**INPUT FOR THIS TASK**.
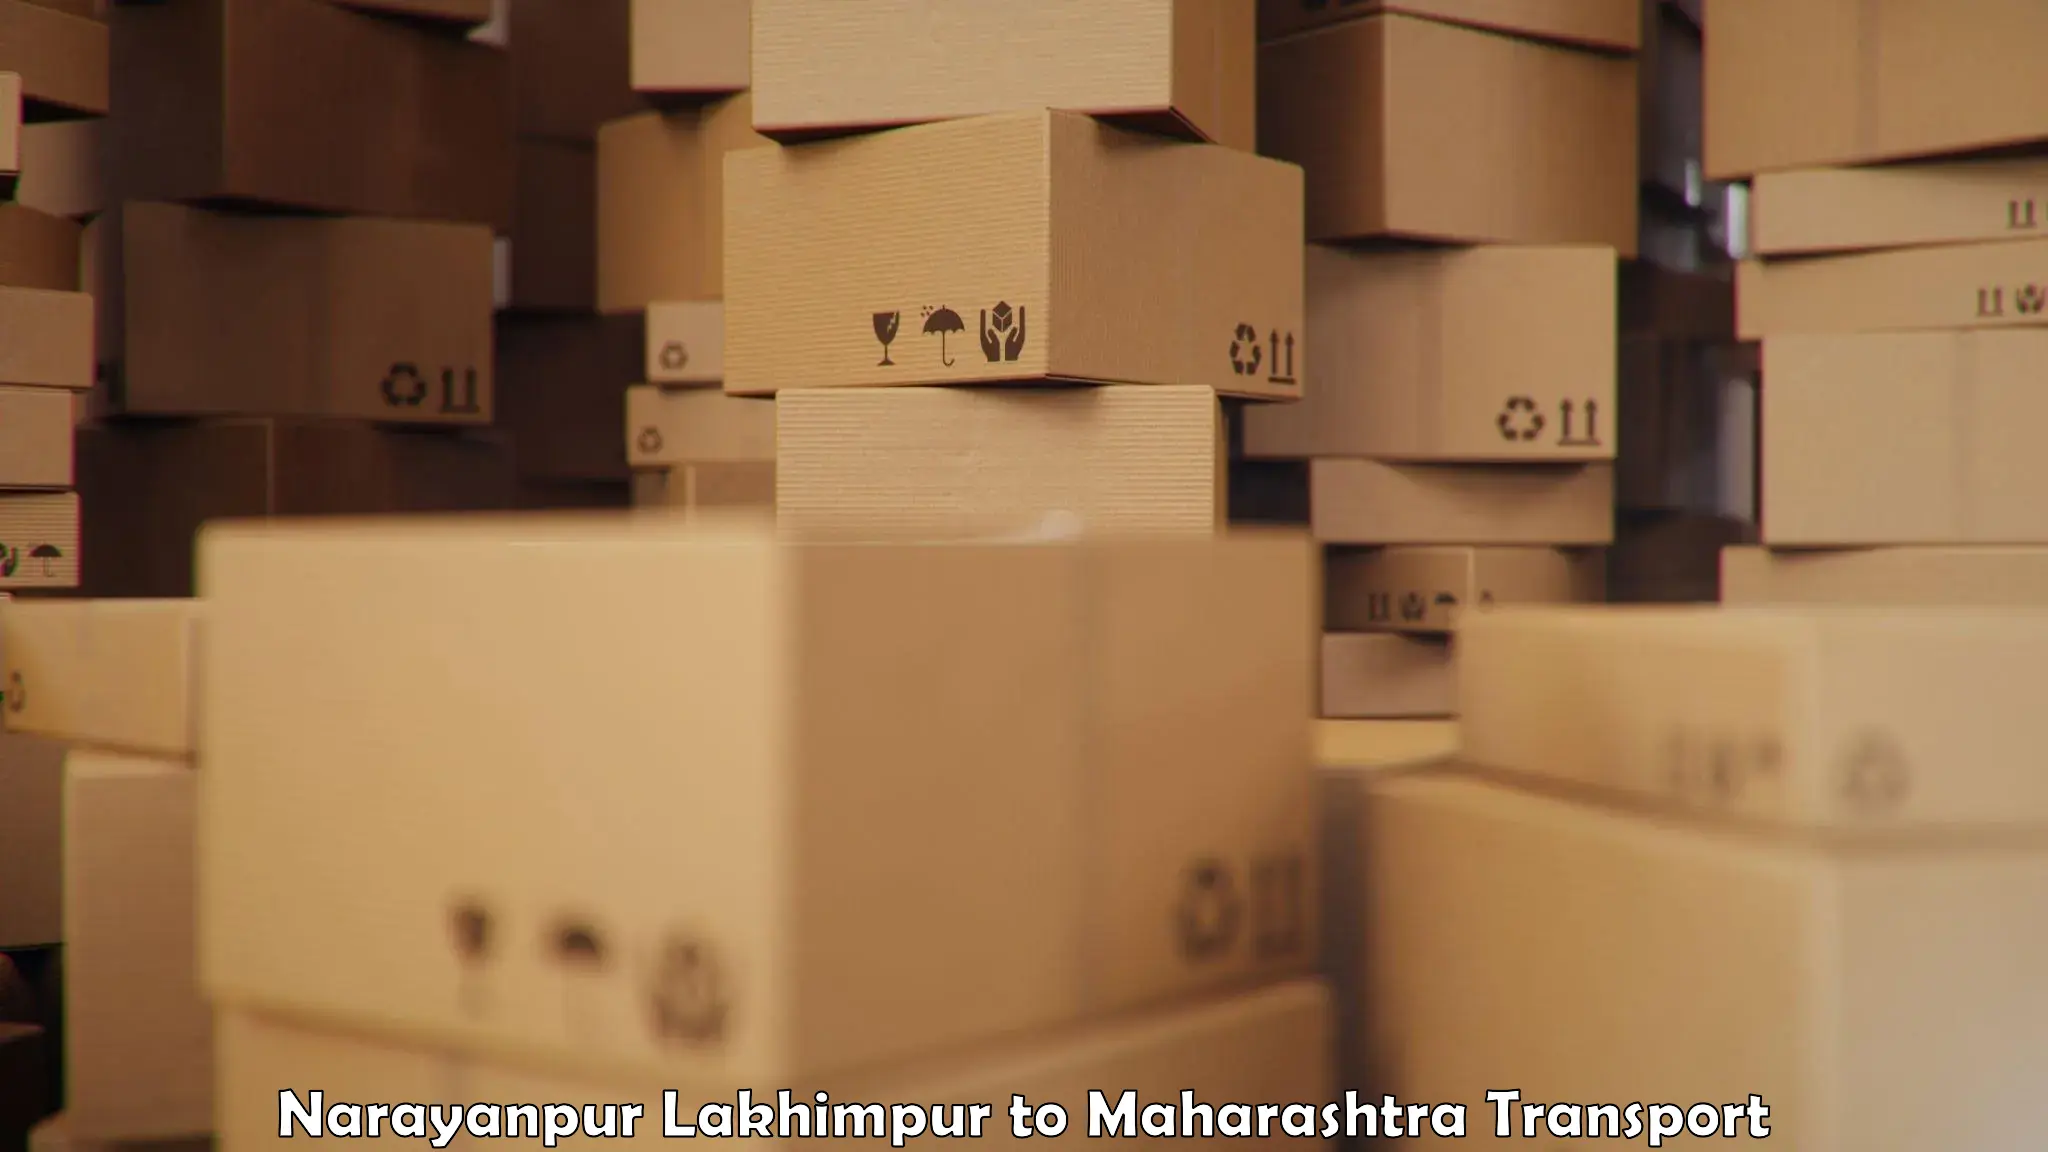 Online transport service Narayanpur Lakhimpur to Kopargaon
--
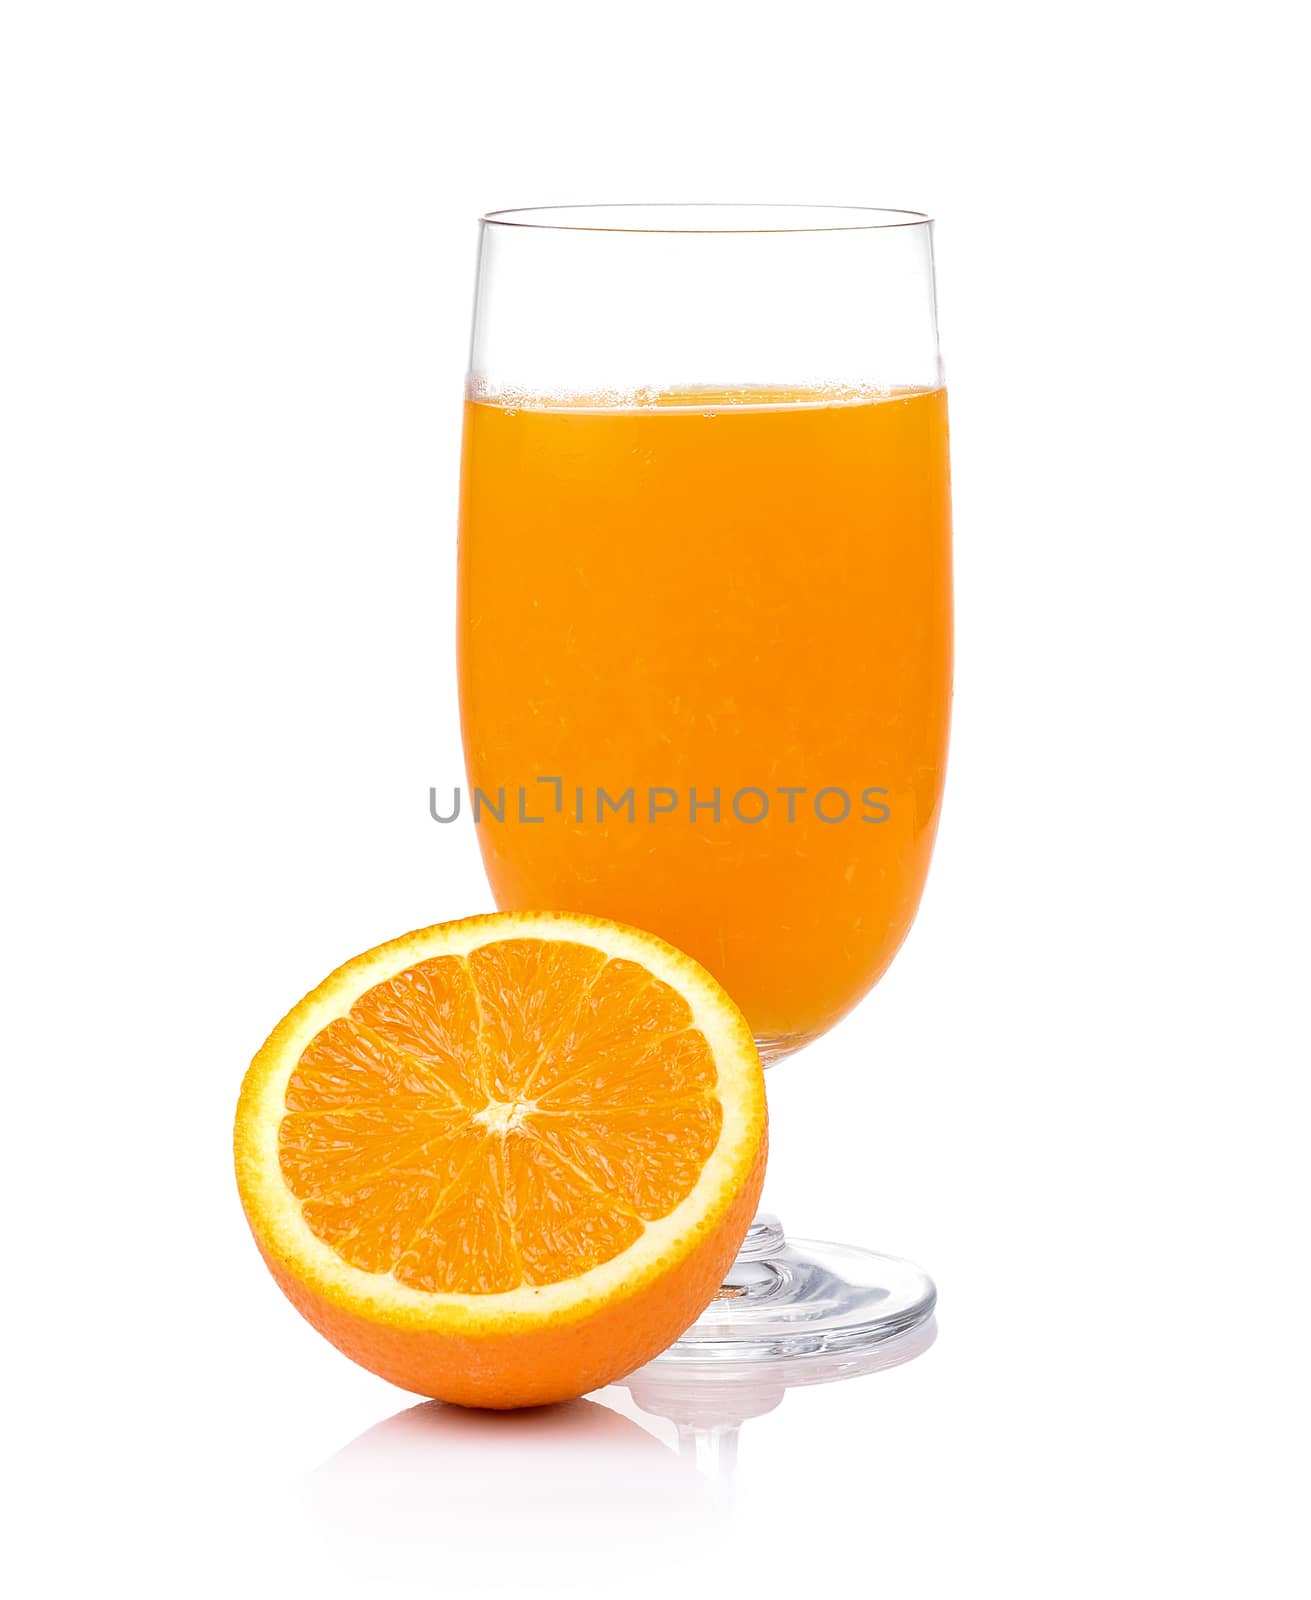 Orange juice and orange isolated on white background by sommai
==
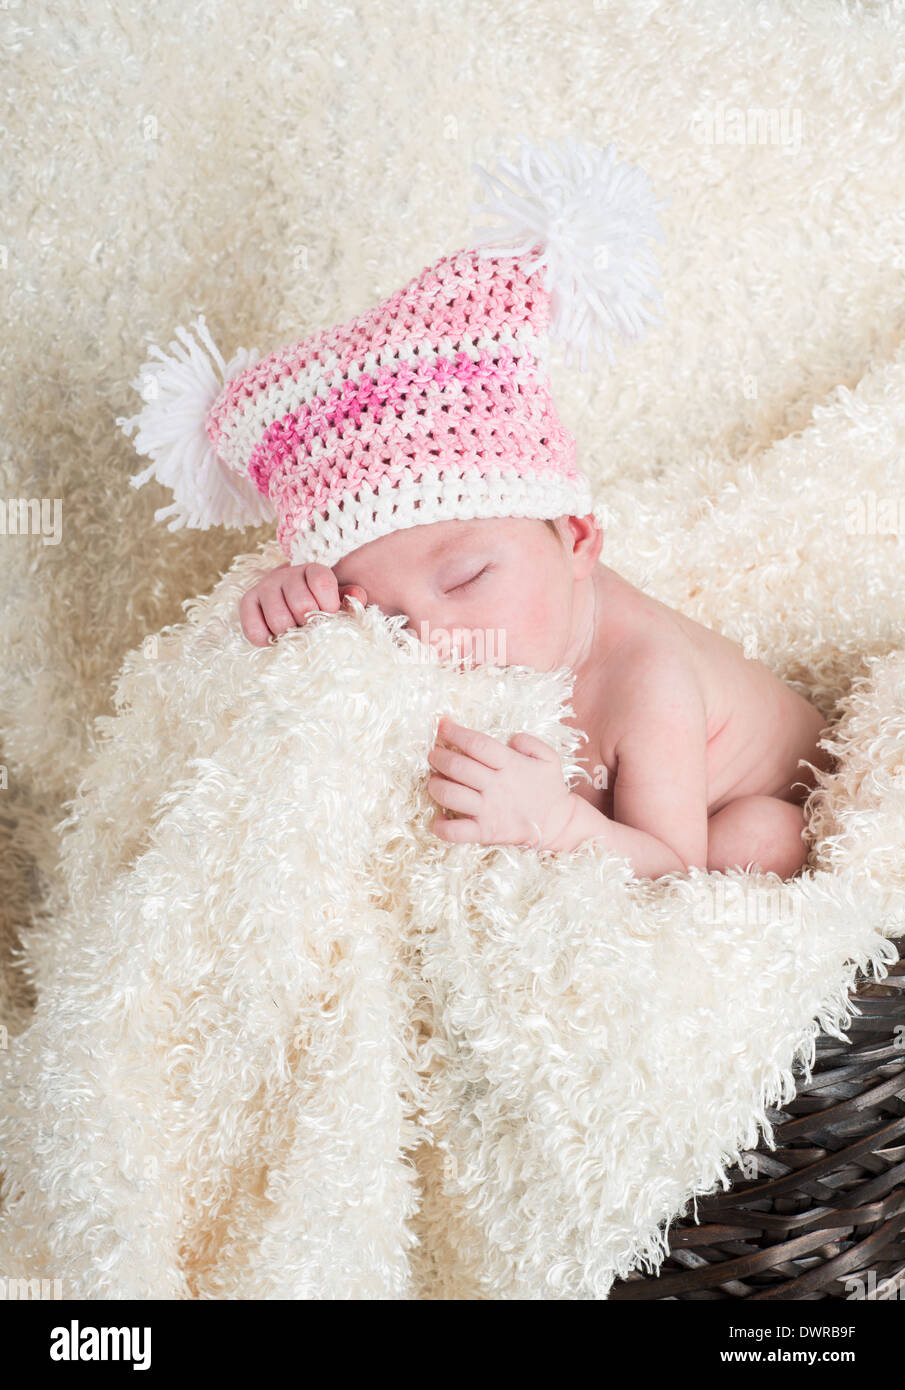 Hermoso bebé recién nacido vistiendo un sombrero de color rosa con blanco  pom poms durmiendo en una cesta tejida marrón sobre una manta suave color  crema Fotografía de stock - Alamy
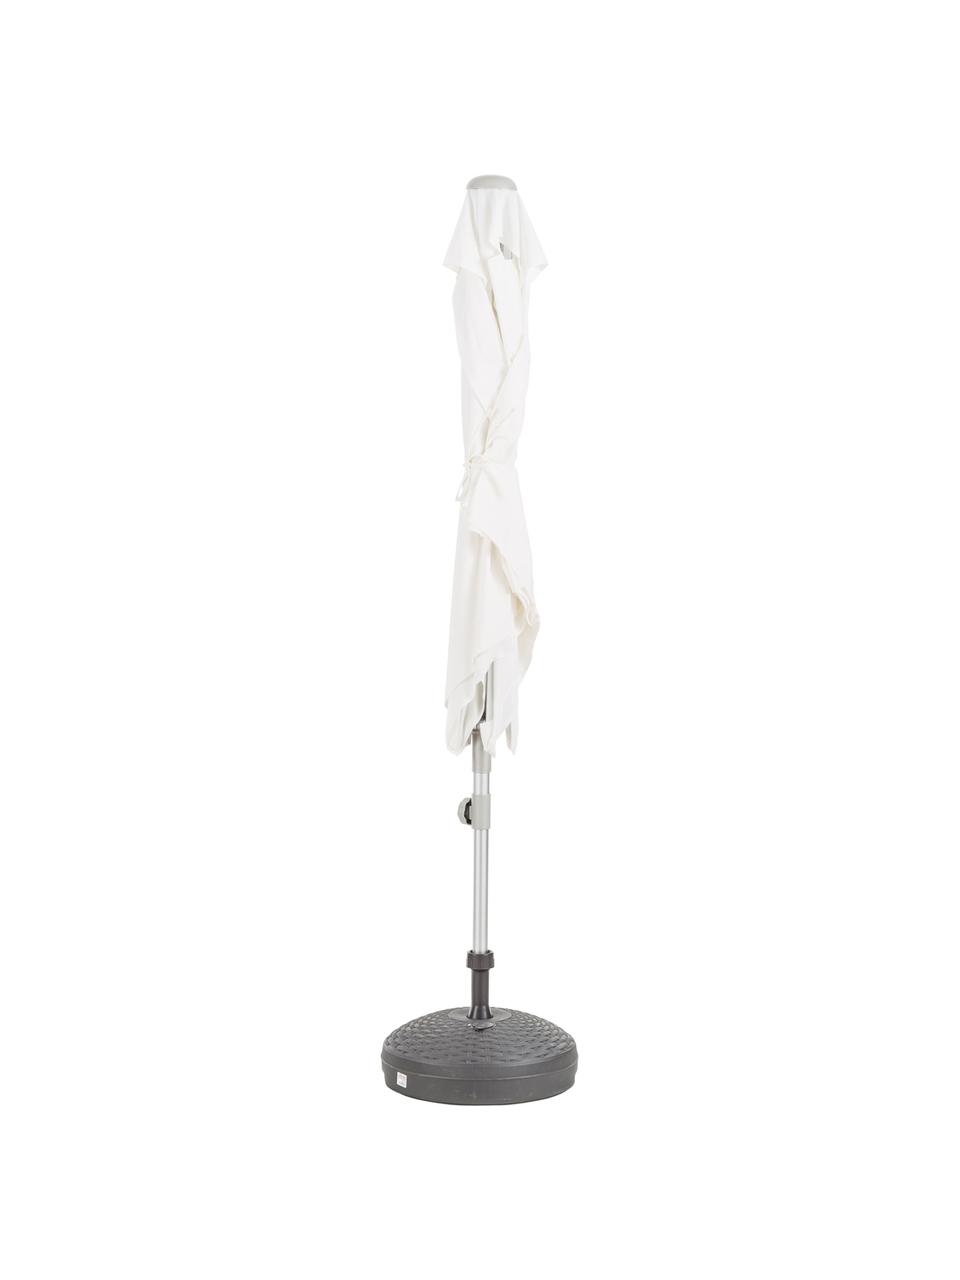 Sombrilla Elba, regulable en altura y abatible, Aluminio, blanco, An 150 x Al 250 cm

**YOUR TASK**. Everything above from the line that has "Hermoso bebé recién" down to the line that has "Sombrilla Elba, regulable" should be output exactly, with both of those lines included. Leave the pictures behind.

**RESPONSE BOX**.
 Hermoso bebé recién nacido vistiendo un sombrero de color rosa con blanco  pom poms durmiendo en una cesta tejida marrón sobre una manta suave color  crema Fotografía de stock - Alamy
 Sombrilla Elba, regulable en altura y abatible, Aluminio, blanco, An 150 x Al 250 cm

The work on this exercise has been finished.